● Data below
Segment Open

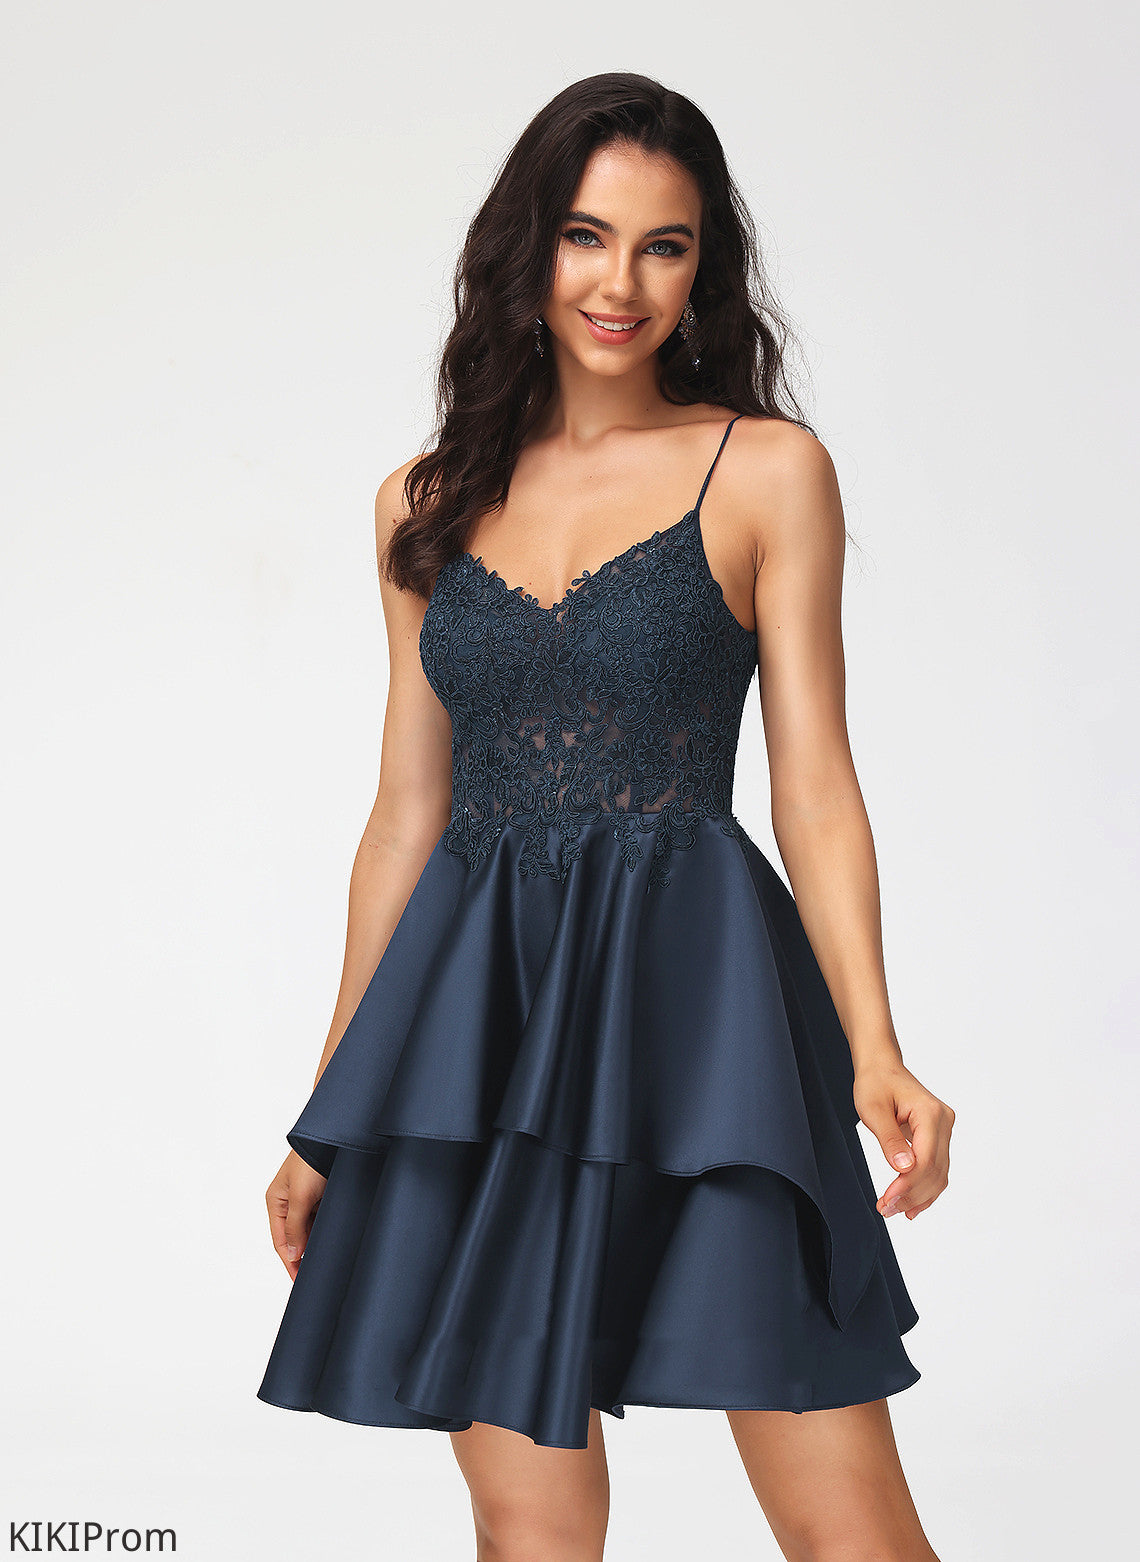 Short/Mini A-Line Homecoming Dresses Lace Dress Satin V-neck Arely Homecoming With
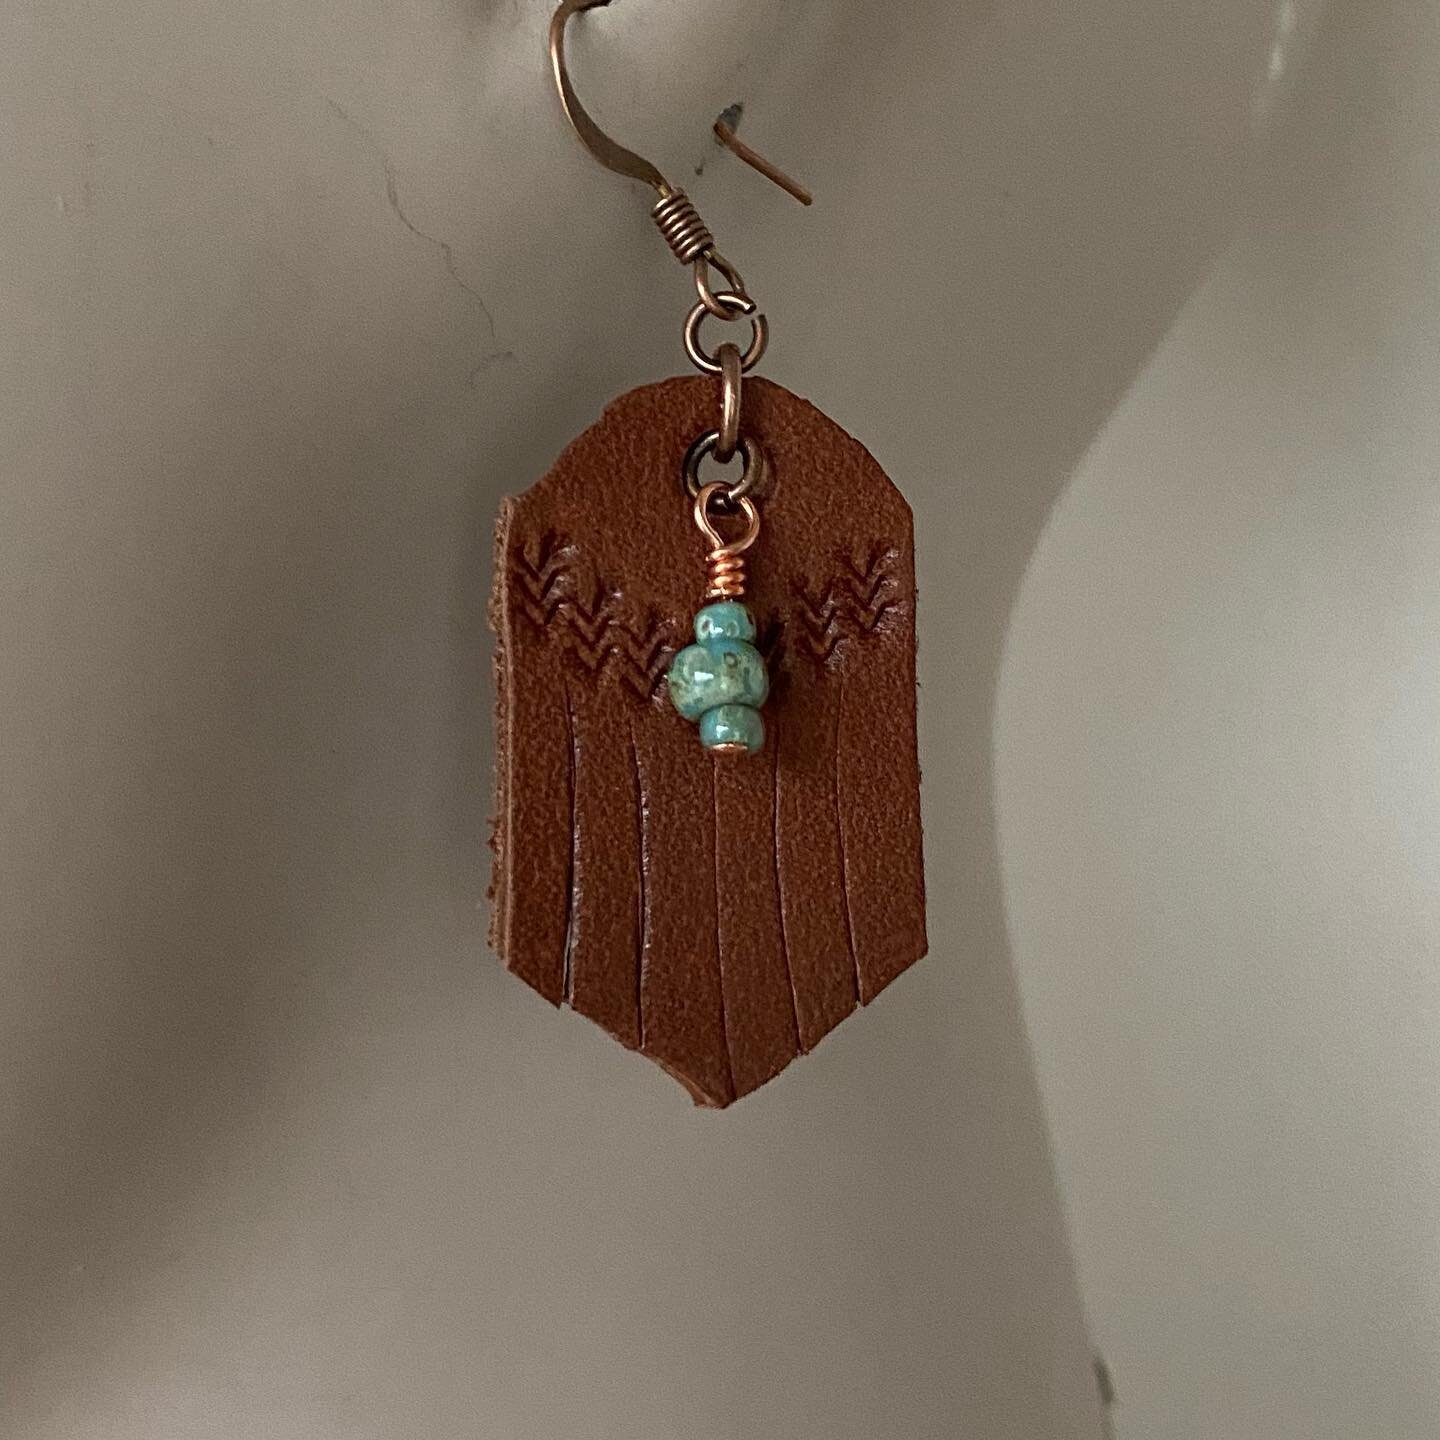 NEW! Leather and turquoise glass beads. Brown leather and copper or black leather and silver plate. #bethearrings $20.00

https://www.lmhjewelry.com/leather/lnnmj0uo44rf5wm3ik13ag1jrvjeby

Segment Closed

Leaving all pictures aside, print exactly the lines from the one that contains "NEW! Leather and" through the last line of the data above, inclusive.

 NEW! Leather and turquoise glass beads. Brown leather and copper or black leather and silver plate. #bethearrings $20.00

https://www.lmhjewelry.com/leather/lnnmj0uo44rf5wm3ik13ag1jrvjeby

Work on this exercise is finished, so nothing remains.